There have been several outbreaks of Nipah virus in Kerala, some of which have been traced to fruit bats.

History
Following previous Nipah virus outbreaks in India in 2001 and 2007 (both in the eastern state West Bengal), an outbreak occurred in Kerala in 2018.  The 2018 Kerala outbreak was traced to fruit bats in the area and was generally confined to Kozhikode and Malappuram districts, and claimed 17 lives. The outbreak was declared over on 10 June 2018. A subsequent outbreak occurred in 2021 but was confined to the Pazhur village located within the Chathamangalam Gram panchayat in the Kozhikode district of Kerala. The outbreak claimed one life before it was declared over on 5 September 2021.

2018 outbreak

Timeline
The index case of the outbreak was reported at sub-divisional hospital in Perambra in Kozhikode district on 2 May. This patient—was later taken to the Government Medical College, Kozhikode for further treatment, where he later succumbed to the virus. Later, his brother Mohammed Salih was admitted to Baby Memorial Hospital, Kozhikode, with suspected viral encephalitis. A team of doctors at Baby Memorial Hospital, Kozhikode suspected Nipah, as the symptoms were similar to that of his brother who had died by then. The samples were tested at the Manipal Institute of Virology where it was confirmed as a case of Nipah; samples were also tested positive at National Institute of Virology, Pune.

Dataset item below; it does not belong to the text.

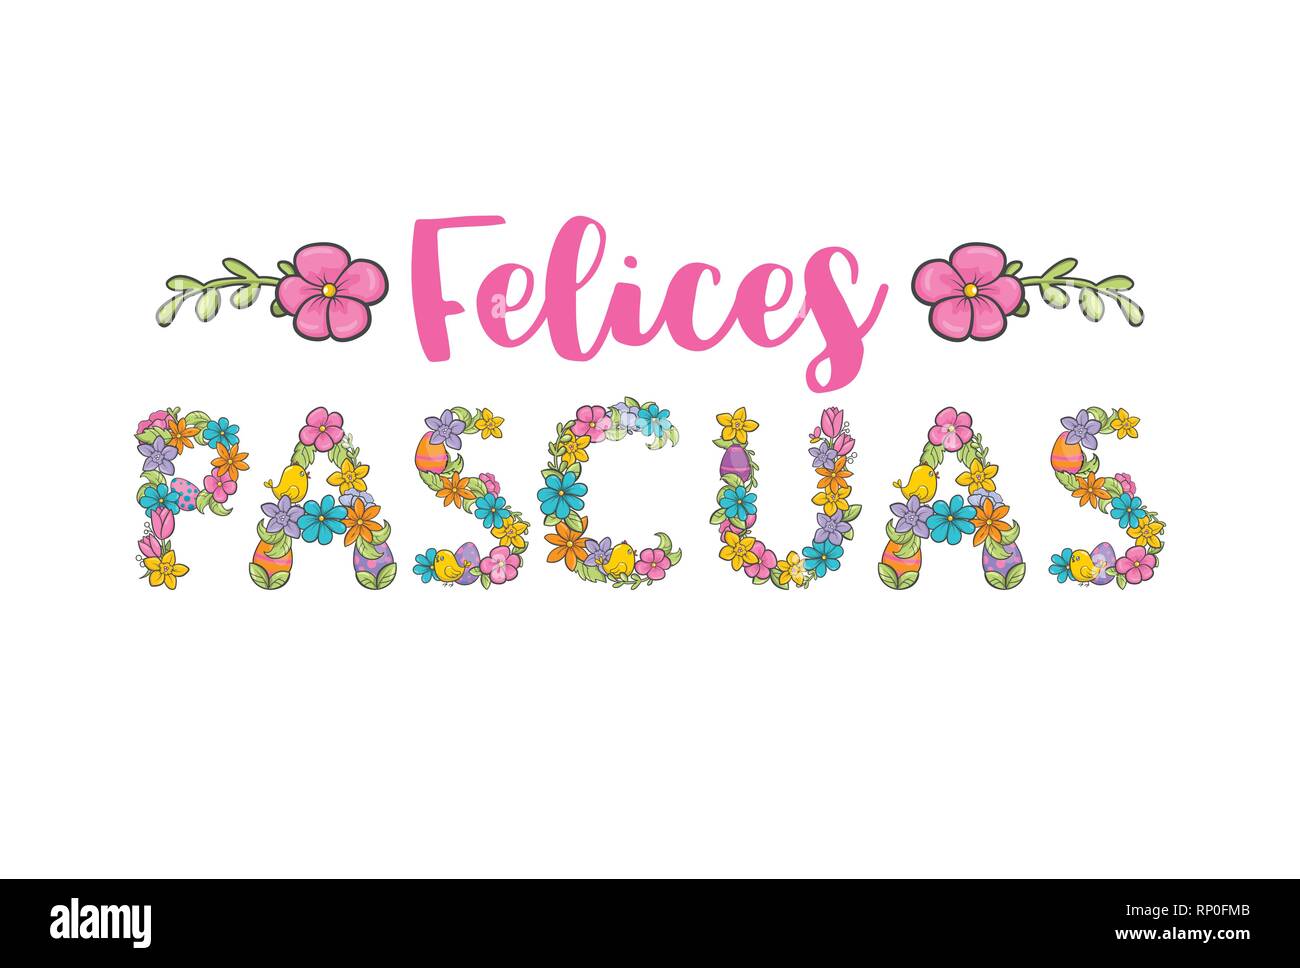 Felices pascuas, Spanisch österlichen Gruß Blume Karte. Christliche Kirche festival Ornament. Stock Vektor

The index patient had passed the virus to 16 persons at Medical College Hospital; later two more were infected, increasing the total count of infected to 18. There were 10 deaths in the first week, including a nurse named Lini Puthussery who treated the index patient before diagnosis. The outbreak began in Kozhikode district and later spread to the adjoining Malappuram district. Health advisories were issued for Northern Kerala as well as the adjoining districts of Karnataka, with two suspected cases detected in Mangalore on 23 May 2018.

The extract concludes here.